These data, based on the largest cohort with ΔMFD% information, suggest that HbA1c levels predict myelinated nerve fiber regeneration and degeneration in patients with DN. Therefore, maintaining optimal blood glucose control is likely essential in patients with DN to prevent continued nerve injury.
Twenty-five million Americans, or >8% of the population, have diabetes, and 1.9 million new cases were diagnosed in 2010 (1). In the U.S., the total cost for management of diabetes in 2007 was 218 billion USD (1). Complications of diabetes, including diabetic neuropathy (DN), nephropathy, and retinopathy, often have a significant impact on quality of life. DN is the most common diabetes complication; 60–70% of diabetic patients develop DN (2). DN is responsible for >60% of nontraumatic lower-limb amputations (1,3). Management of DN-related complications accounts for an estimated 27% of the total cost of diabetes treatment (3).
The most common type of DN is distal symmetric polyneuropathy. It affects the longest axons in the extremities first and progresses proximally in a stocking-glove pattern with increasing severity and duration of diabetes (2). The sural nerve is one of the most frequently affected nerves in DN. Although overall sural myelinated fiber density (MFD) decreases with age, the nerve itself can regenerate, making the grafting of sural nerves into other injured nerves possible (4). Axonal regeneration is a natural response of the body to compensate for damage caused by diabetes, but incomplete or unsuccessful regeneration may constitute a critical component in DN progression (5).

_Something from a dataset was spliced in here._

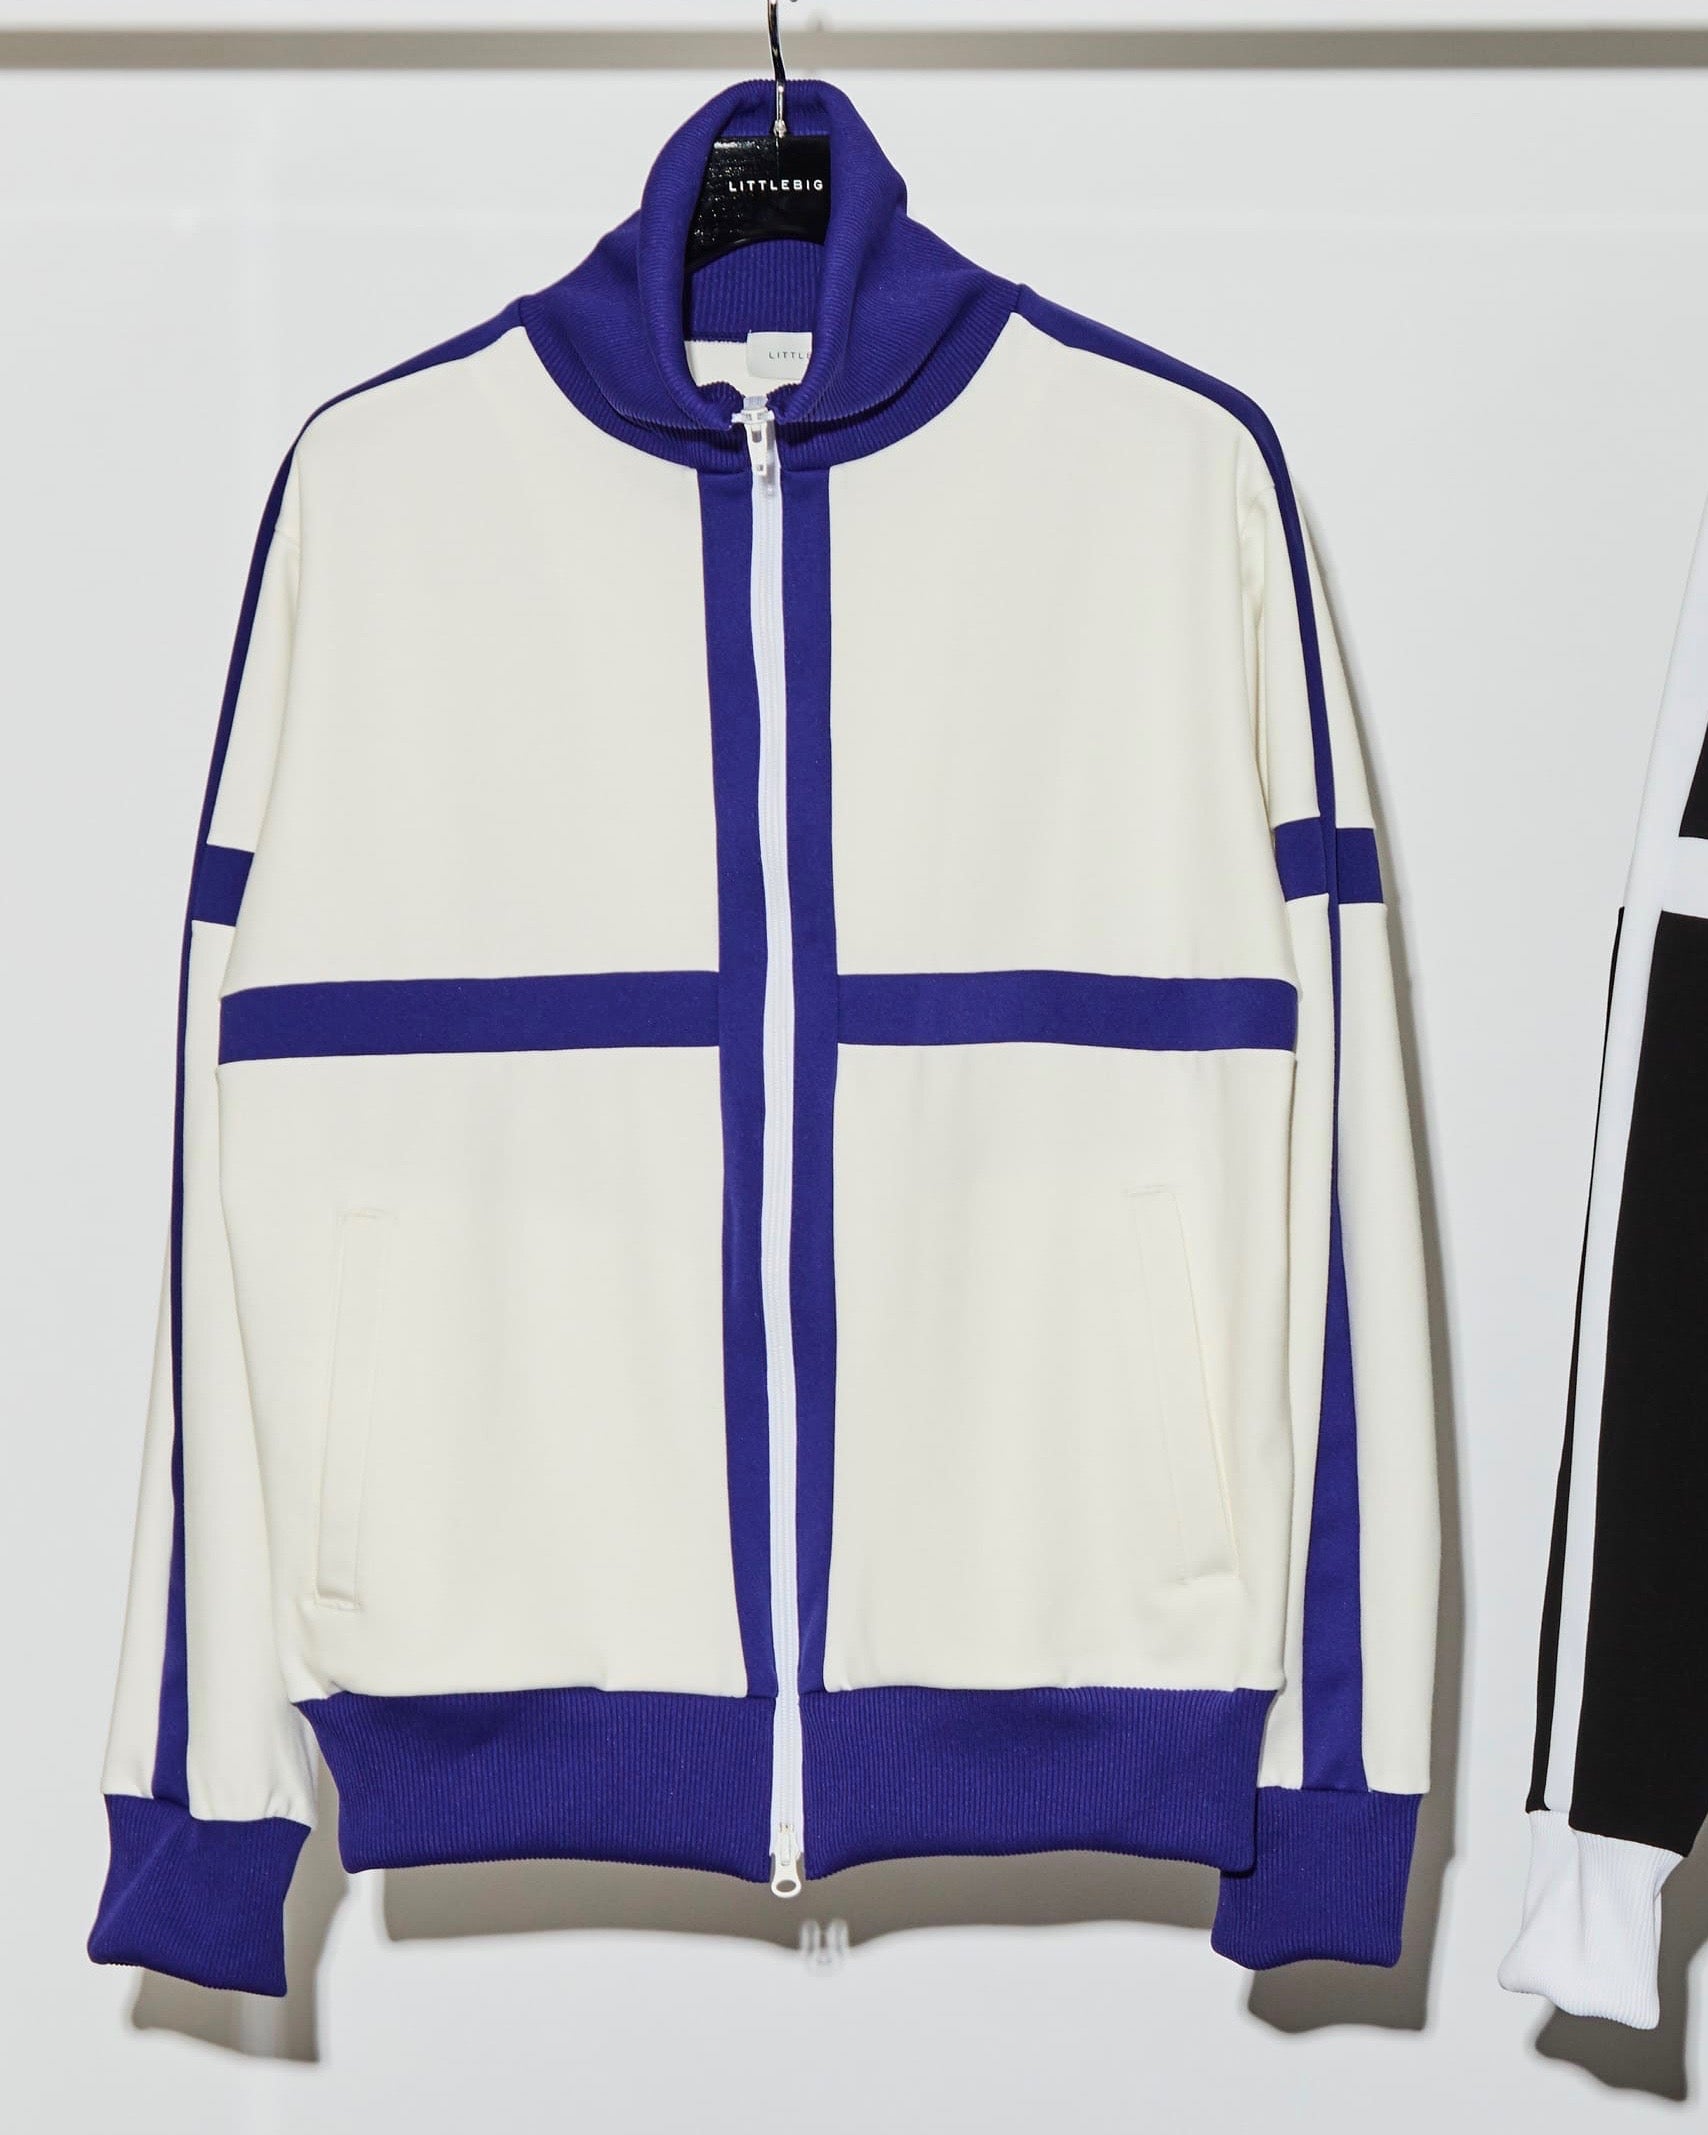 LITTLEBIG(リトルビッグ)のTrack Top WHITE or BLACKの通販｜PALETTE ...

Our laboratory maintains a unique repository of human sural nerve biopsies harvested as part of a double-blind placebo-controlled clinical trial testing acetyl-L-carnitine (ALC) efficacy for DN (6,7). ALC treatment alleviated pain symptoms but had no effect on sural nerve conduction velocities (NCVs), amplitudes, or MFD (6). Our initial demographic analyses of these participants revealed that elevated serum triglycerides measured at trial onset correlated with DN progression after correcting for baseline DN severity and clinical factors, such as sex, age, duration and types of diabetes, insulin treatment, ALC treatment, and HbA1c (7). A subsequent study identified 532 differentially expressed genes (DEGs) between progressive and nonprogressive DN, highly enriched with immune response and lipid metabolism (8). Our previous studies focused on the loss of absolute MFD over the course of a 52-week clinical trial, resulting into two groups of patients (a progressor group with ≥500 fibers/mm2 MFD loss and a nonprogressor group with ≤100 fibers/mm2 MFD loss). While reexamining these data, we observed that ~43% of the subjects gained MFD over 52 weeks. Although modest regeneration has been documented in DN (9), no study has investigated critical factors affecting nerve regeneration in DN.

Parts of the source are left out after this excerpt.